> _Data provided_
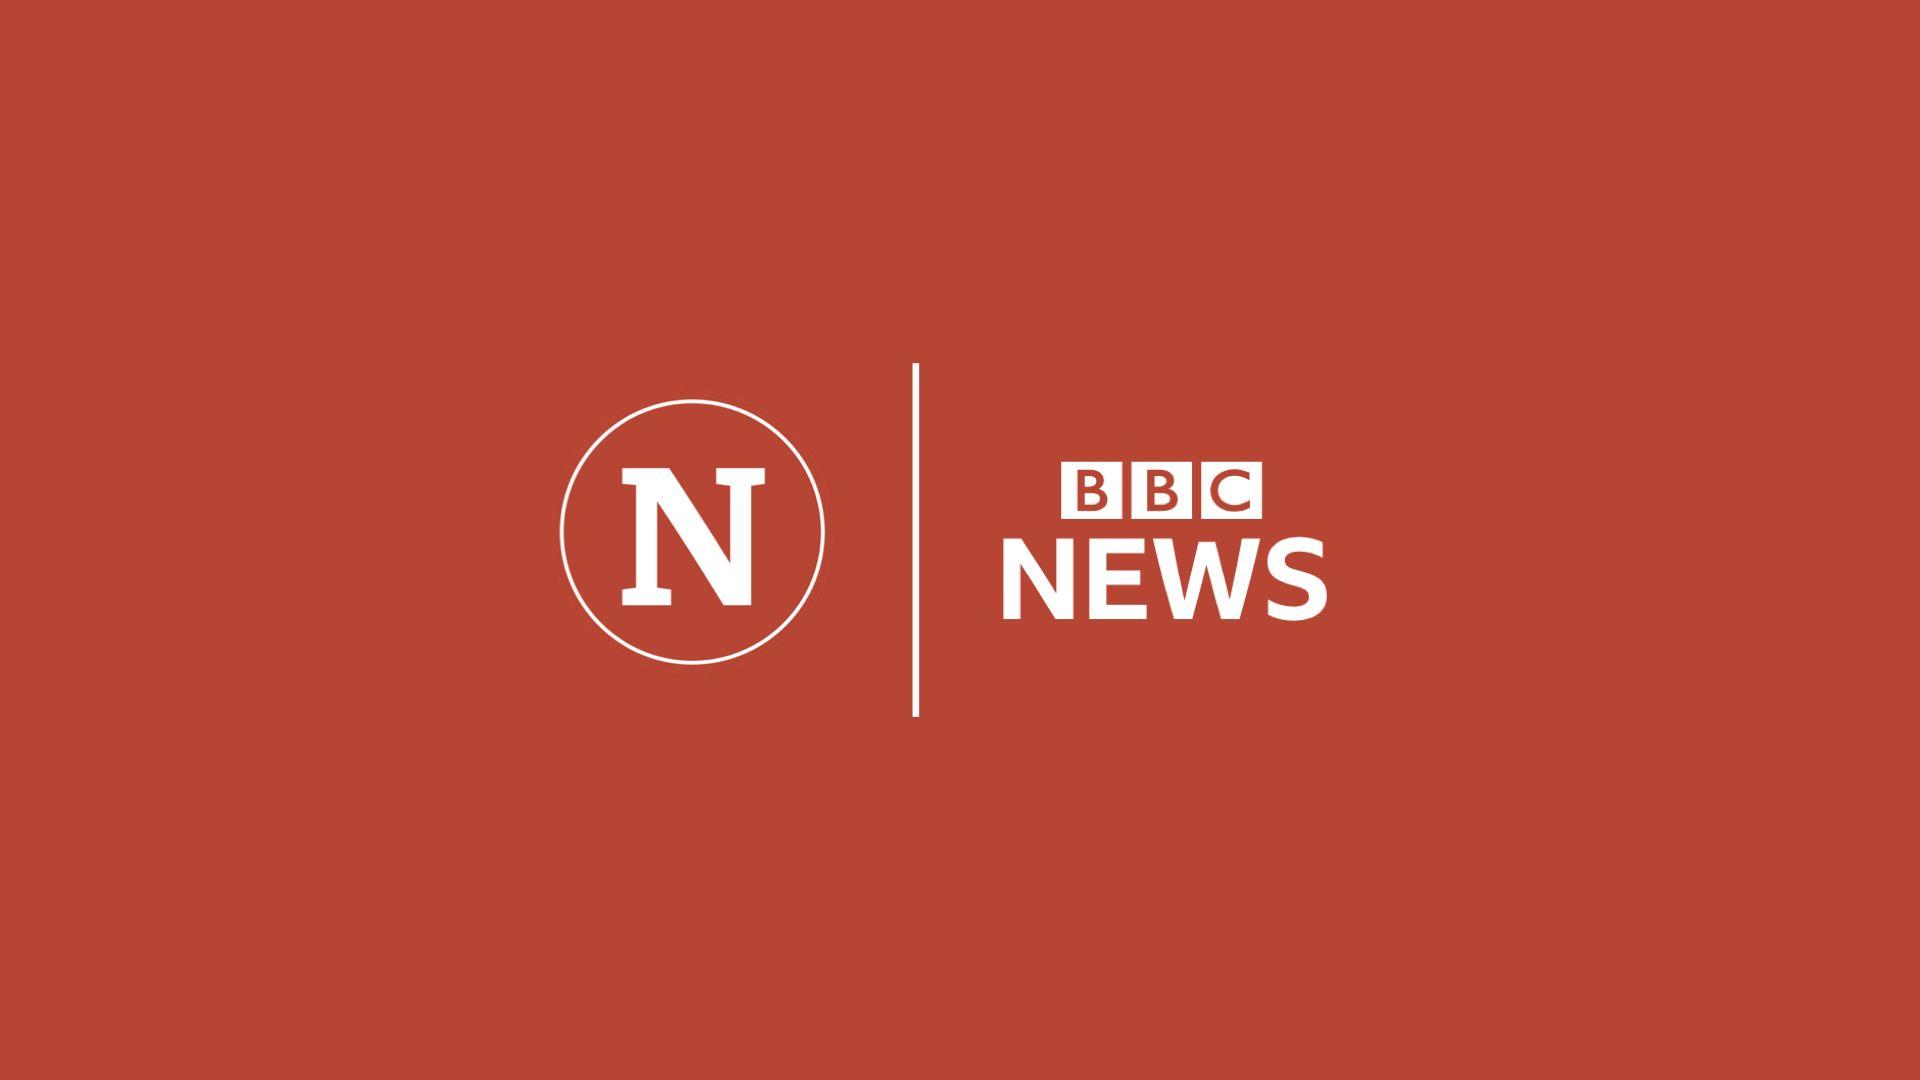 Bbc.com Logo - BBC News // 2019 Rebrand - TV Forum
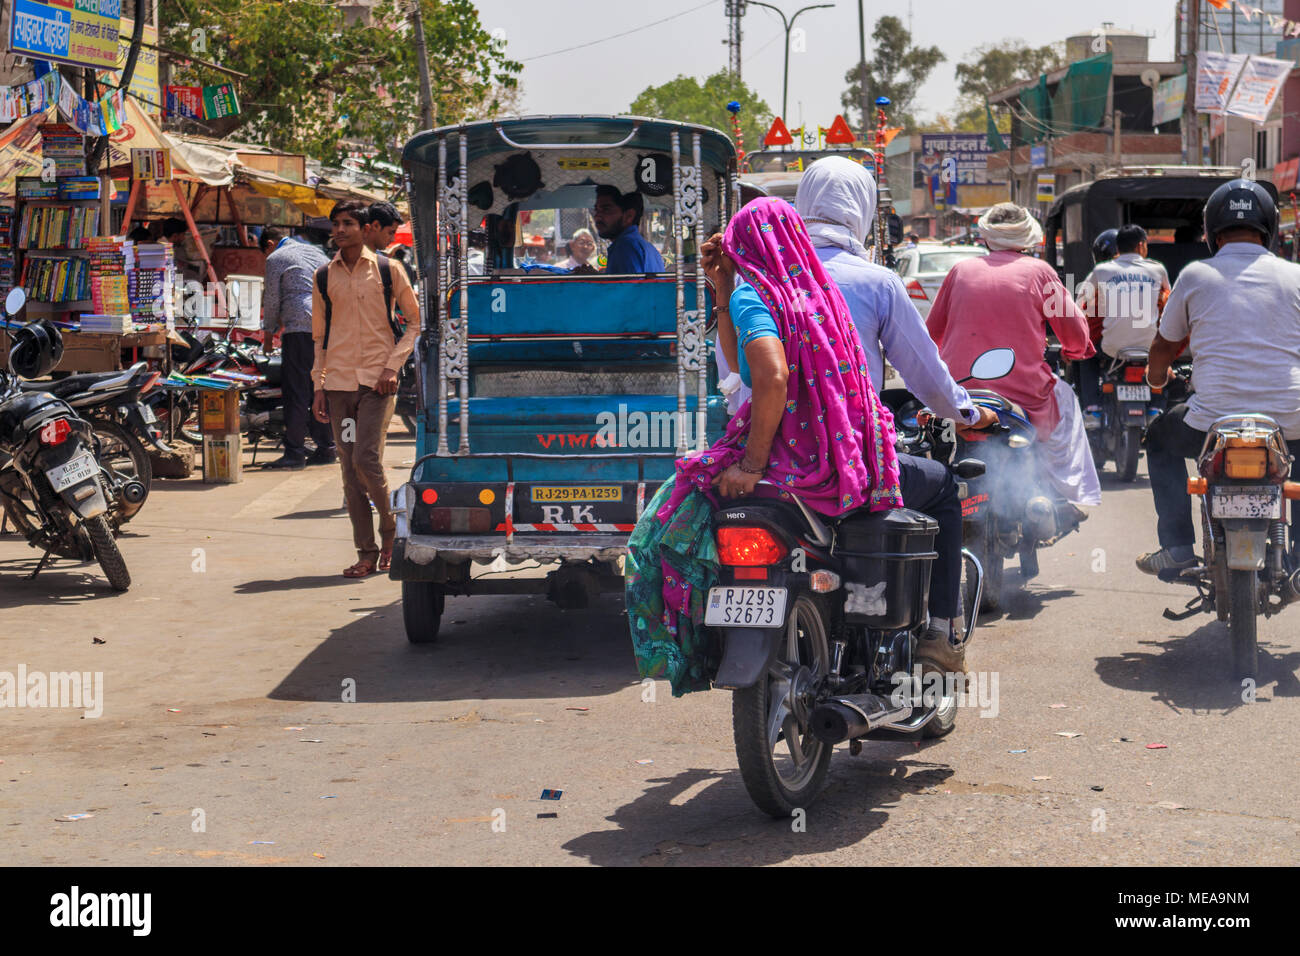 Straßenszene in Dausa, Rajasthan, Nordindien, eine lokale Frau reiten Sozius auf einem Motorrad mit typischen bunten lokalen Schleier Kopfschmuck und Kleidung Stockfoto
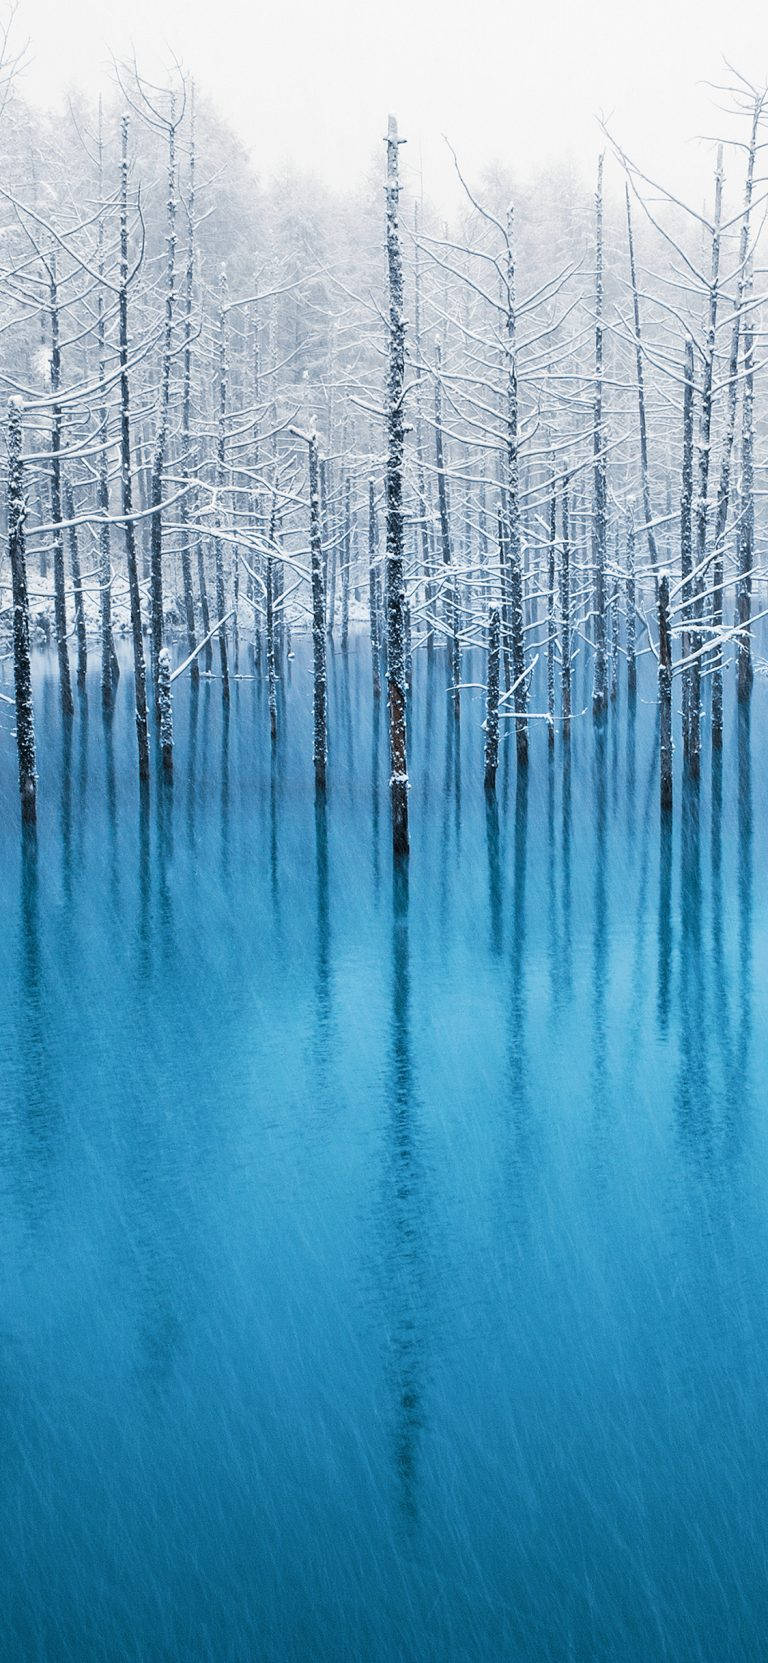 Snow Trees Lake Original iPhone 4 Wallpaper
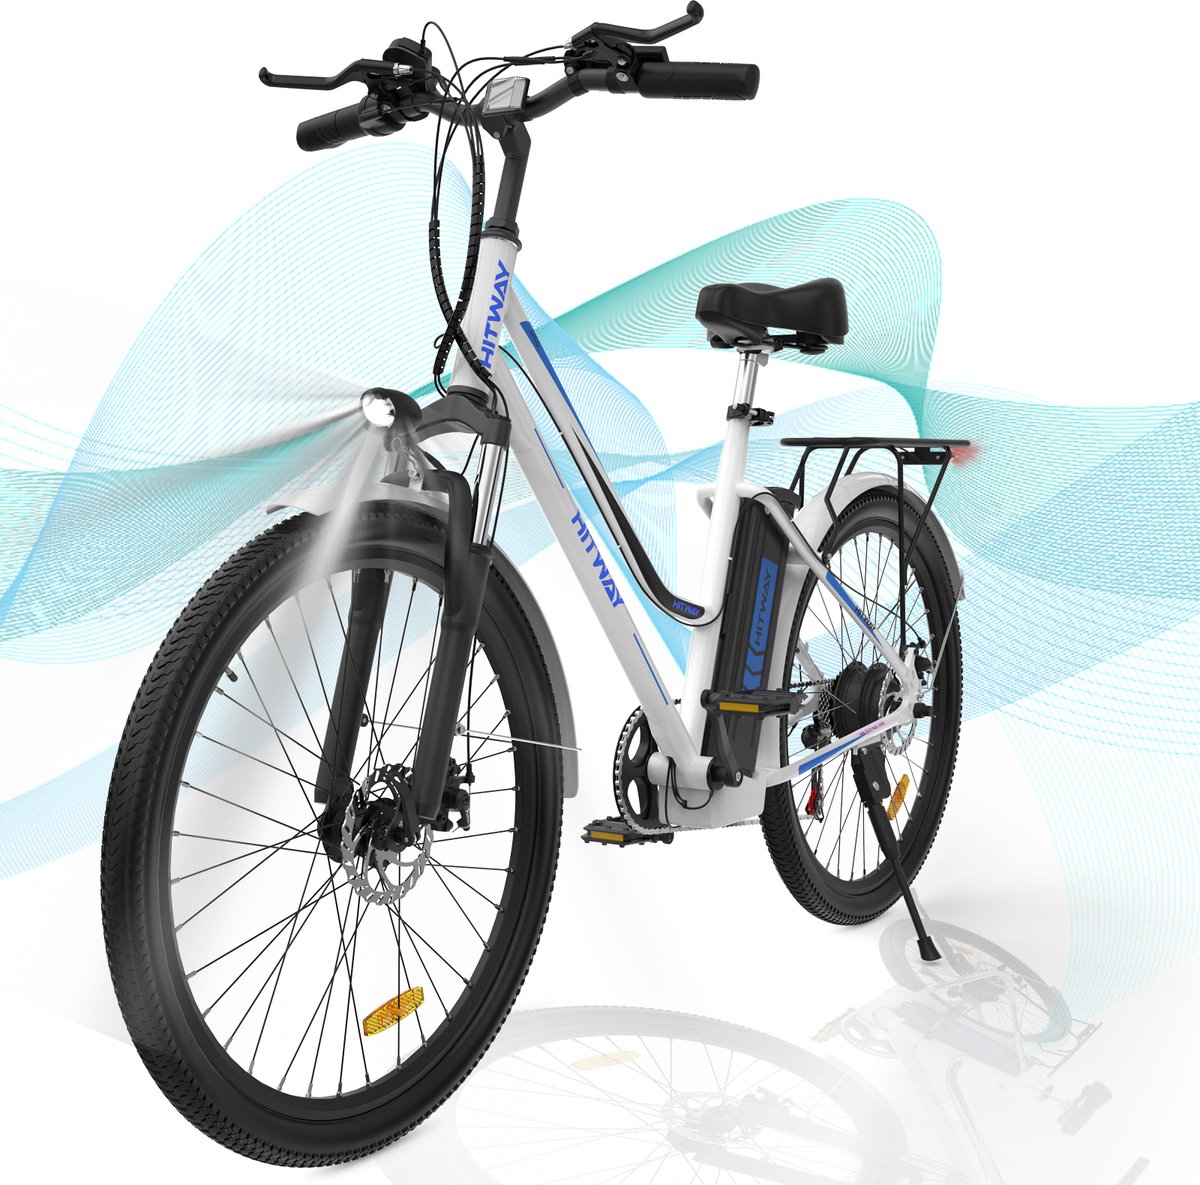 Hitway elektrische fiets 26"" met 36V 11.2Ah batterij 250W motor 25km h en elektrische fietsbereik 35 90km voor mannen en vrouwen| Wit Blauw

> _Your task_
Please print everything in the material exactly, apart from the pictures.

> _Exercise result_
 Bbc.com Logo - BBC News // 2019 Rebrand - TV Forum
 Straßenszene in Dausa, Rajasthan, Nordindien, eine lokale Frau reiten Sozius auf einem Motorrad mit typischen bunten lokalen Schleier Kopfschmuck und Kleidung Stockfoto
 Snow Trees Lake Original iPhone 4 Wallpaper
 Hitway elektrische fiets 26"" met 36V 11.2Ah batterij 250W motor 25km h en elektrische fietsbereik 35 90km voor mannen en vrouwen| Wit Blauw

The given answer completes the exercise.